Problem to work on: Please output the data exactly, minus pictures.

Data block:
══════════

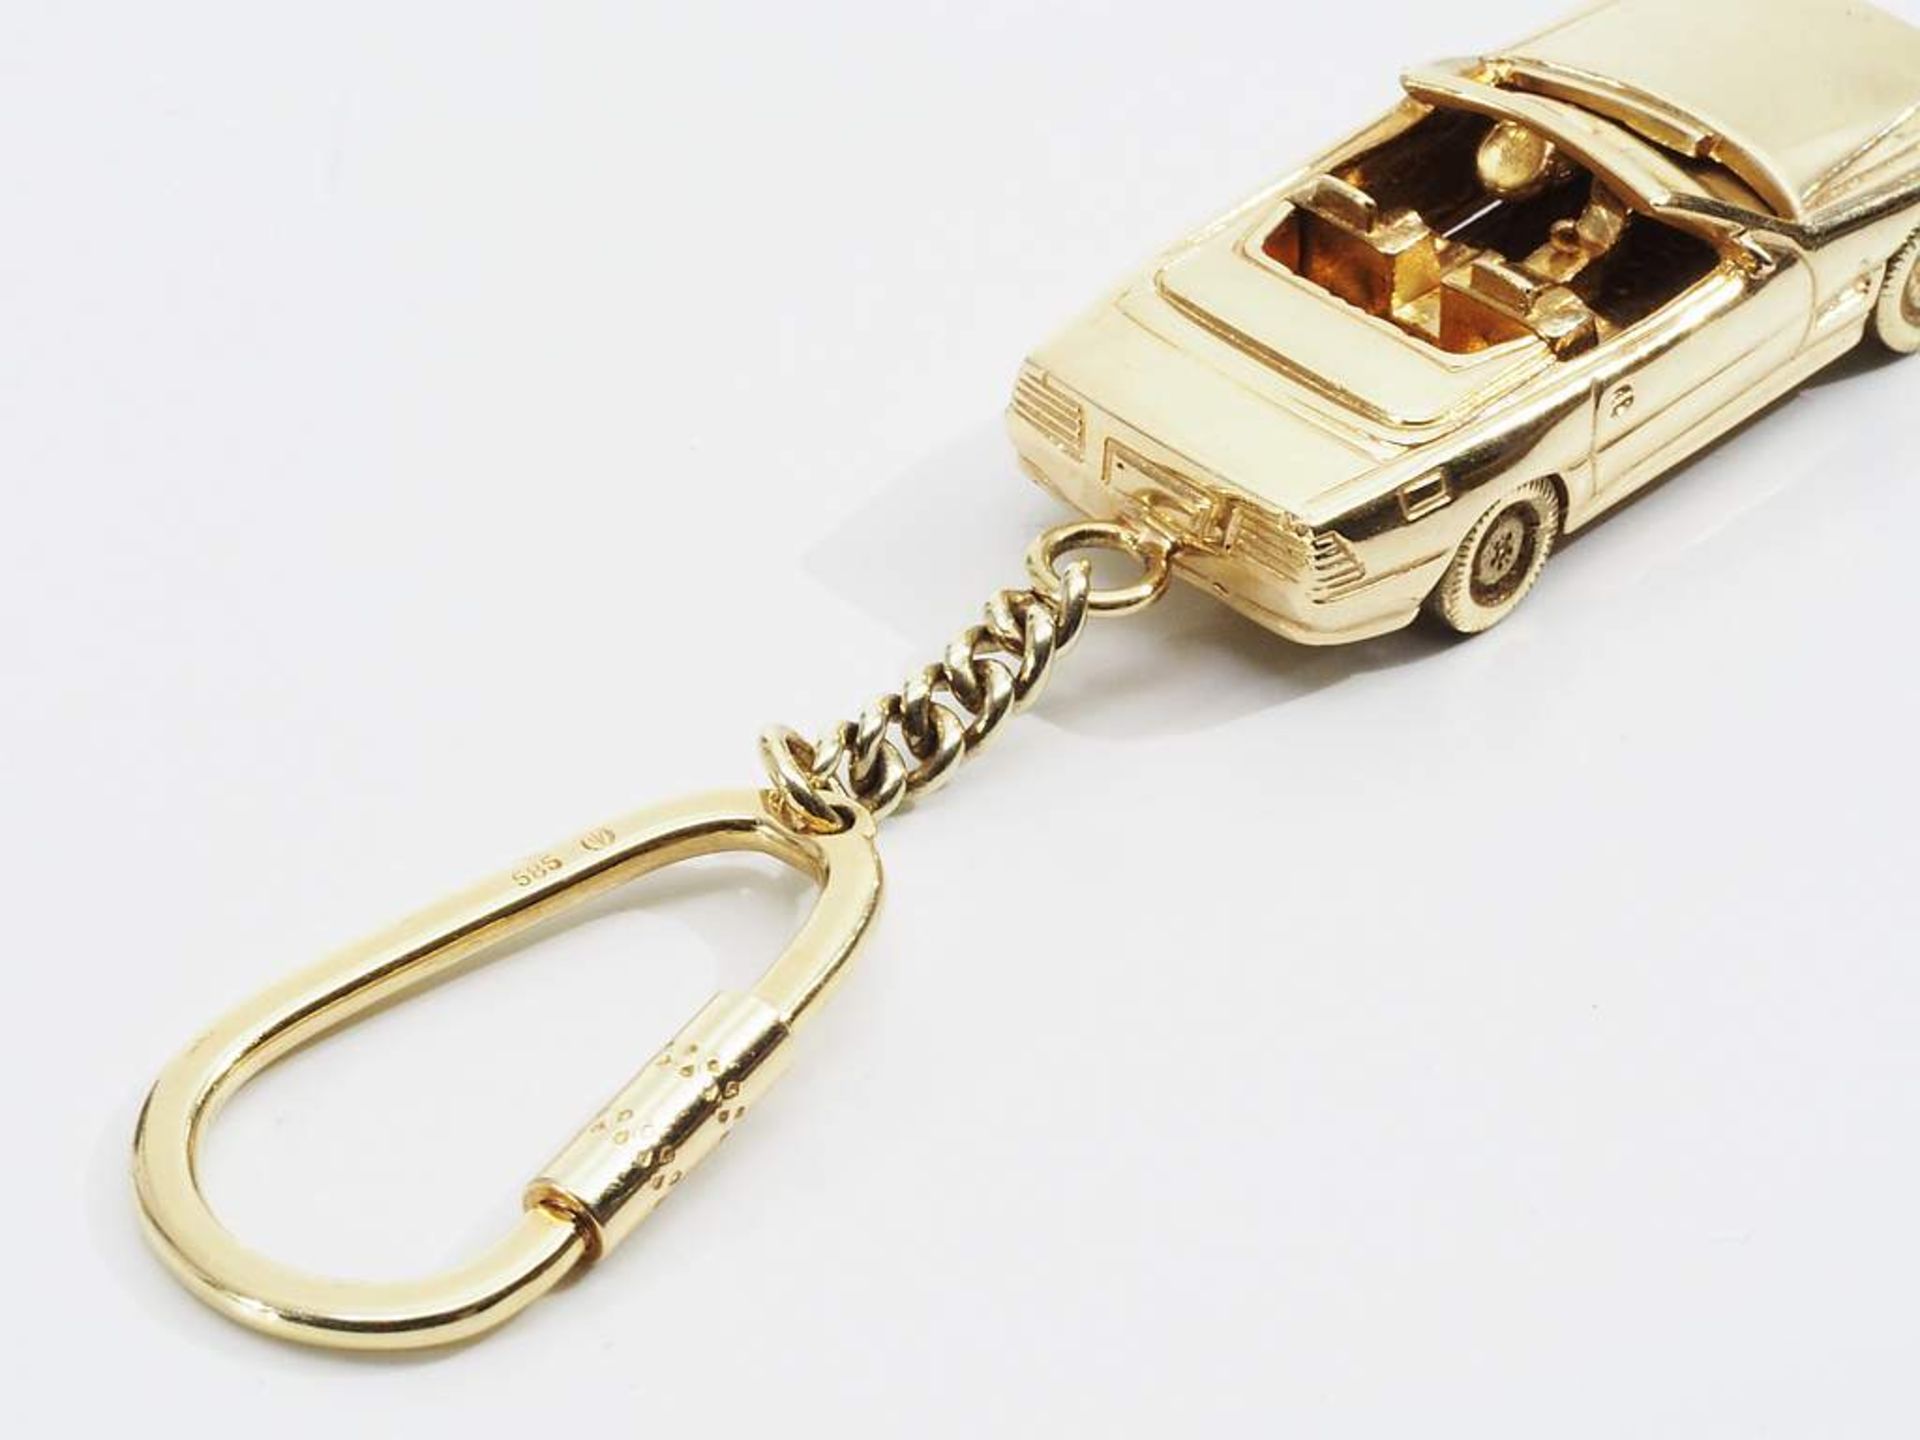 Schlüsselanhänger mit Modellauto "MERCEDES SL Cabrio". 585er Gelbgold. - Image 5 of 6
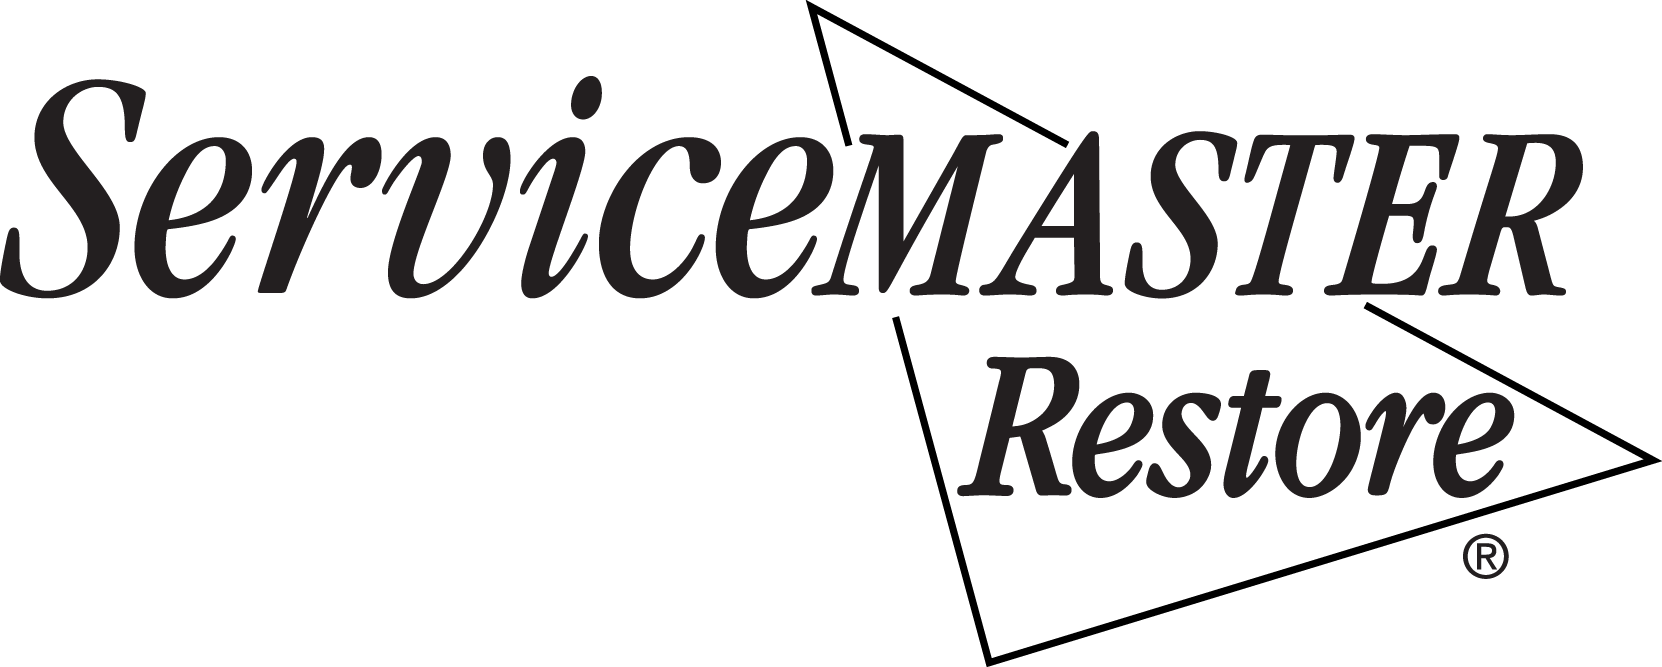 ServiceMaster Restoration by Prasad - Unlicensed Contractor Logo
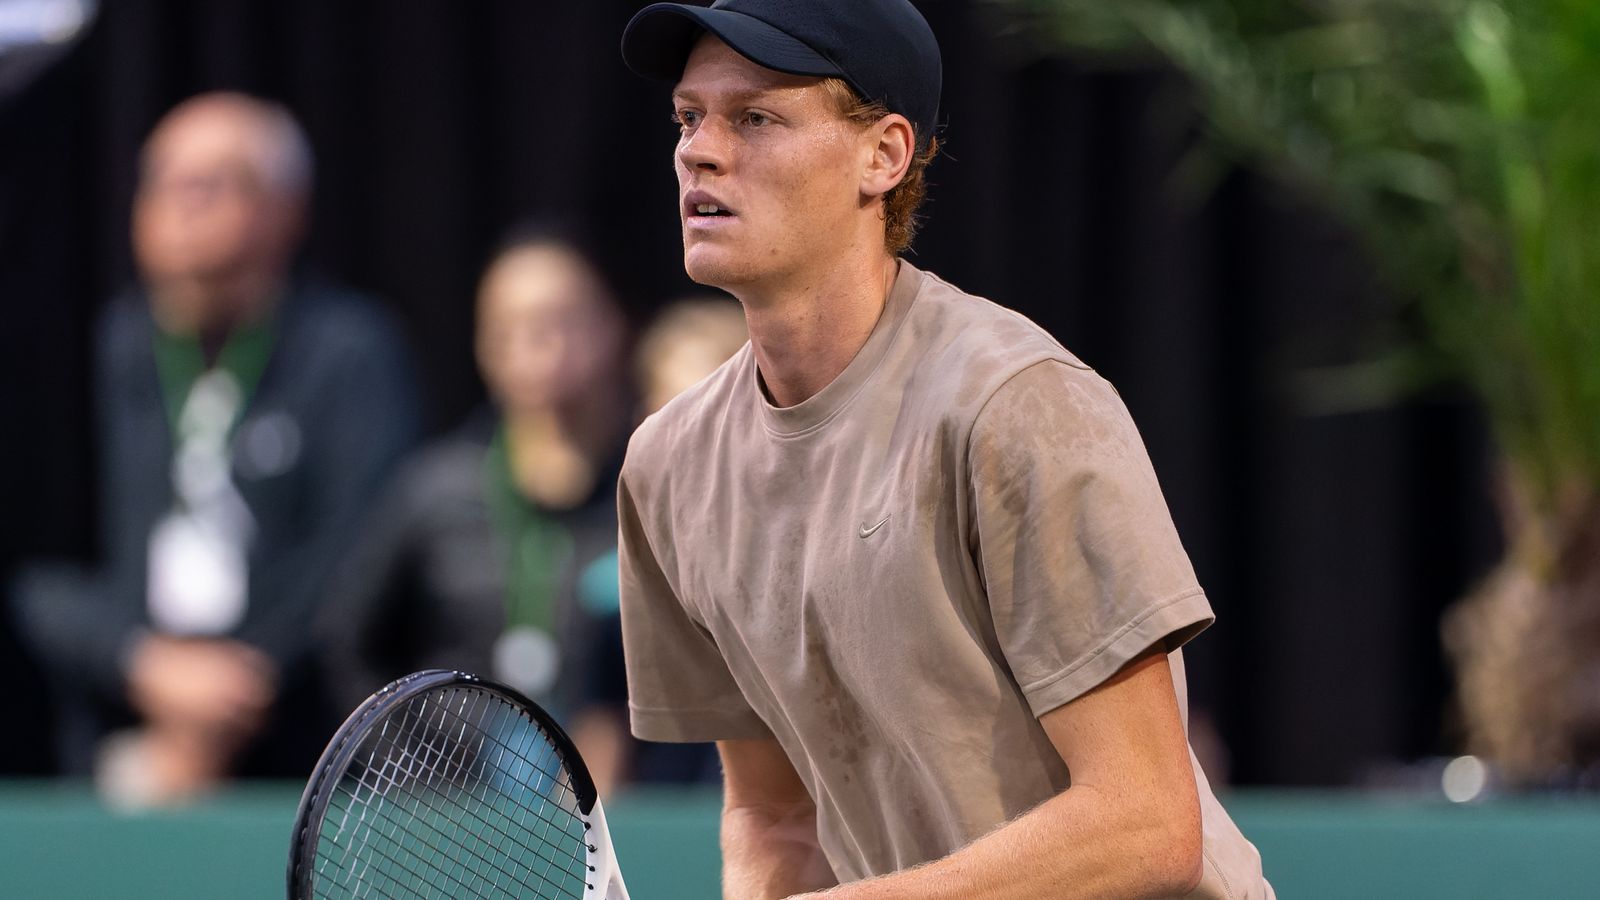 ABN AMRO Open, Rotterdam: Jannik Sinner comienza ganando en Rotterdam después de la victoria en el Abierto de Australia |  Noticias de tenis
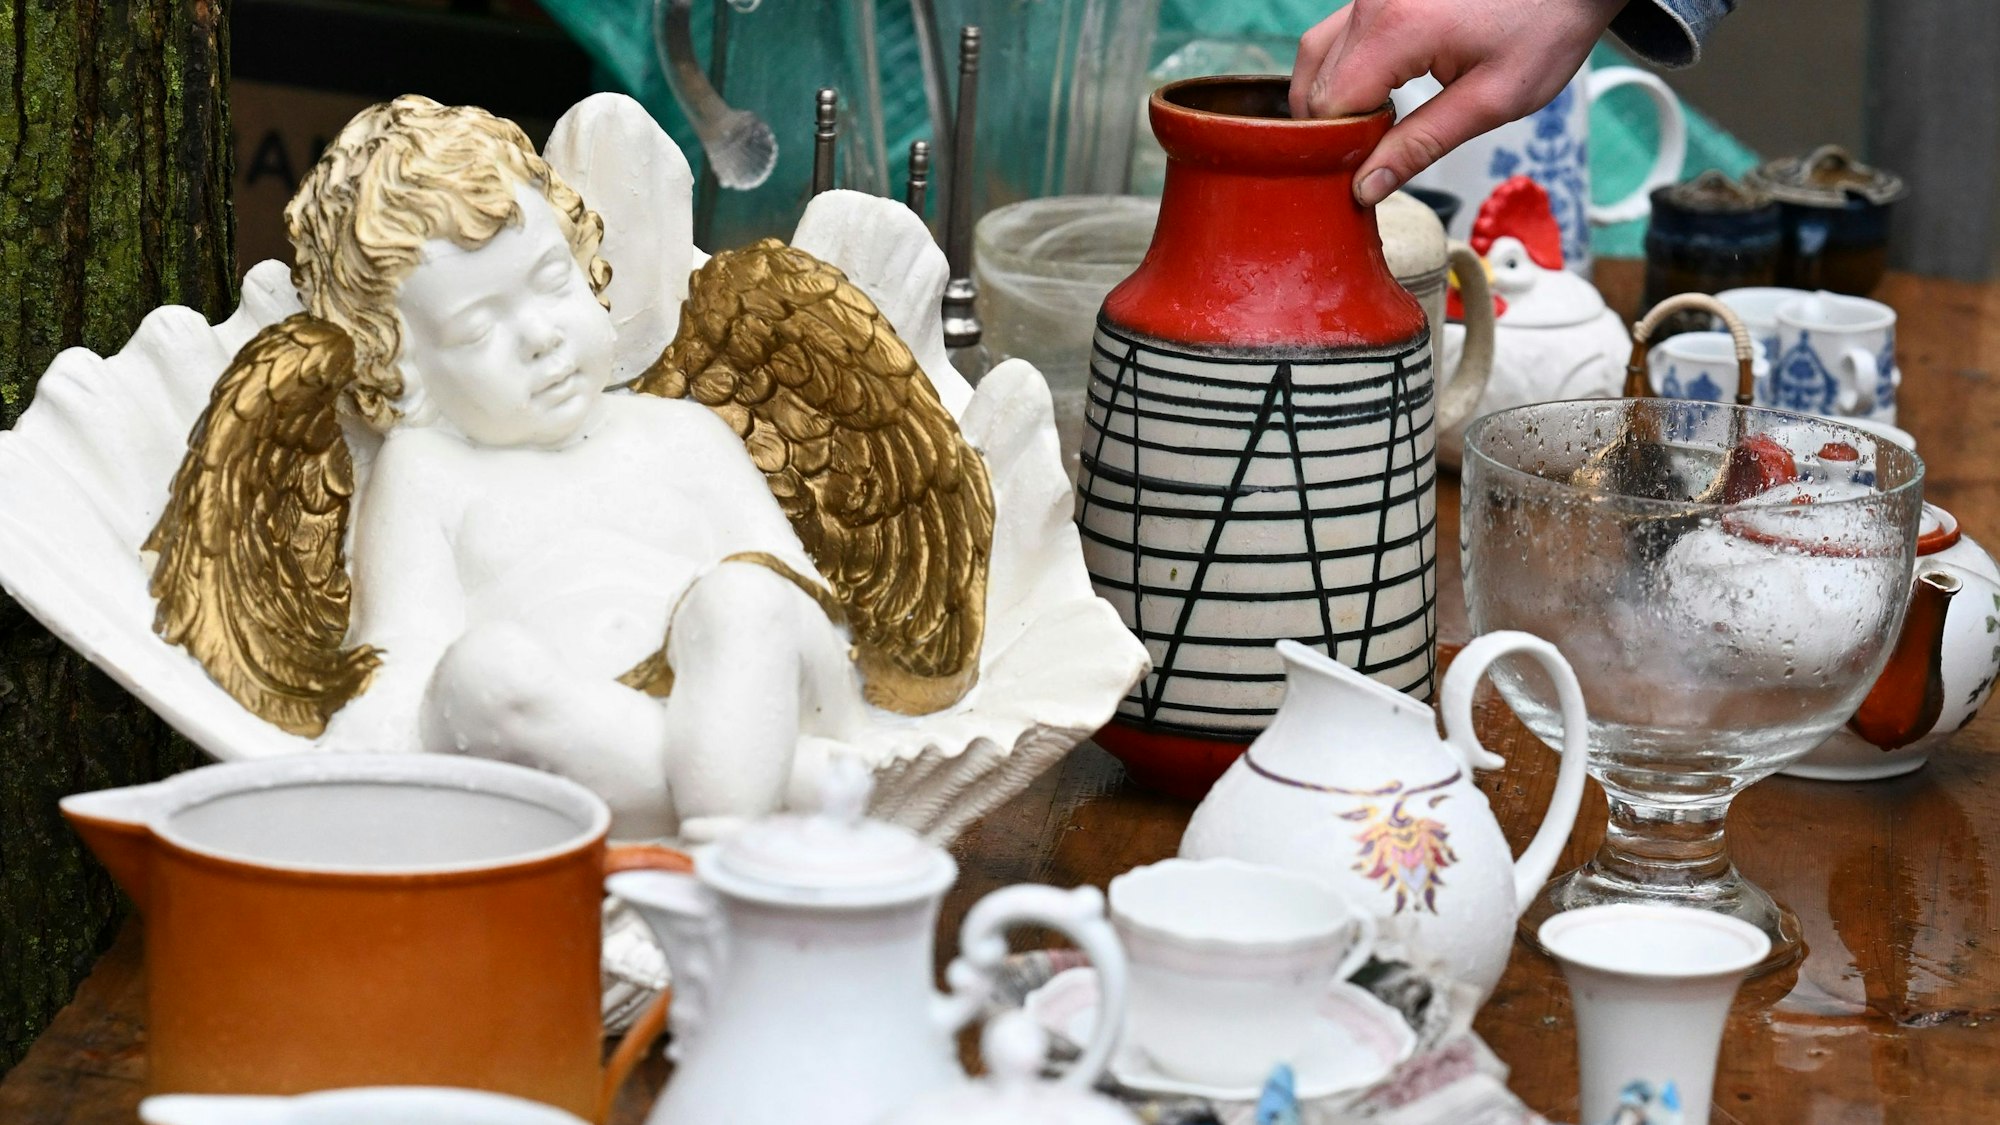 Eine Vase steht zwischen unterschiedlichen Dingen aus Keramik auf einem Flohmarkt.

══════════

Answer section:
 Schlüsselanhänger mit Modellauto "MERCEDES SL Cabrio". 585er Gelbgold. - Image 5 of 6
 ServiceMaster Restoration by Prasad - Unlicensed Contractor Logo
 ABN AMRO Open, Rotterdam: Jannik Sinner comienza ganando en Rotterdam después de la victoria en el Abierto de Australia |  Noticias de tenis
 Eine Vase steht zwischen unterschiedlichen Dingen aus Keramik auf einem Flohmarkt.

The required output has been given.